The machine stays silent.

“Do not just stand there! You murdered my mother!” Delilah is wrestling with the chains wrapped around her. “We never even got a goodbye! One day you were just gone with a note scribbled on a napkin. The napkin that mom kept all these years in hopes you would come home. Say something!”

Silence passed, but was every once in awhile disturbed by a sharp cry from Delilah, still struggling to escape the chair. At last, she settled in defeat. The silence returned as if it were the deafening whispers of the dead.

“Goodbye,” and with that it was no longer her cries, but a bang that disturbed the silence.

“Clean this mess up and go back to your quarters,” it barked at me.

I moved the men first with little empathy. The lifted Delilah’s mother, only now occurring to me now that I never learned her name. Lastly, I held Delilah. I looked at her small frame in my arms for as long as I could allow myself. I held her hand until the moment I released her.

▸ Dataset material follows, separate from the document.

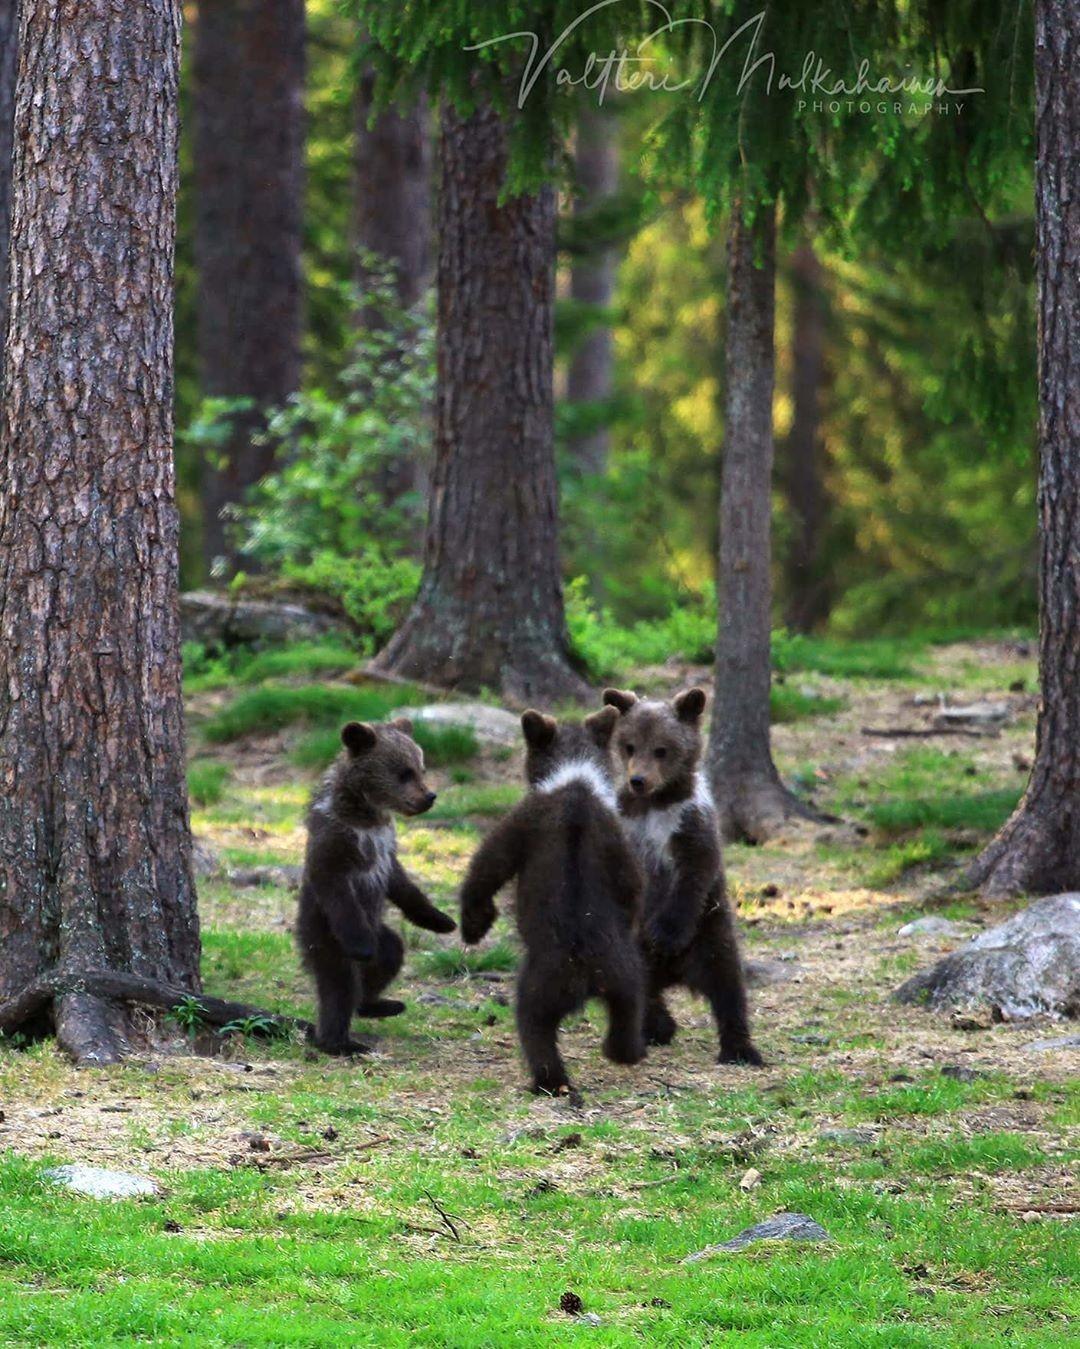 «Танец маленьких медвежат». Автор Валттери Мулкахайнен

“I’m sorry,” I said to her corpse as she burned to ashes with the rest of them. I wonder if she heard me.

I walked away from the execution room and towards the exit. I thought about my first surgery, the second one, and all the ones up until the last when I was fully made. I thought about the war and all the battles I fought in to “earn” those surgeries. I thought about patrolling, finding people only to have them executed. I thought about the little house with it’s soft color scheme. I thought about the couch and table and chandelier. I thought about Delilah’s mother. How I would never know what made her, even for a couple of hours, have enough confidence in me to come to the main base. I thought about all of these things, but I mostly thought about Delilah. The little girl, not broken by war, but rather alive in it.

And with that I dedicated myself to winning the war. Not for the machines, but for the humans and most of all, for the girl who saw the human side of the machine.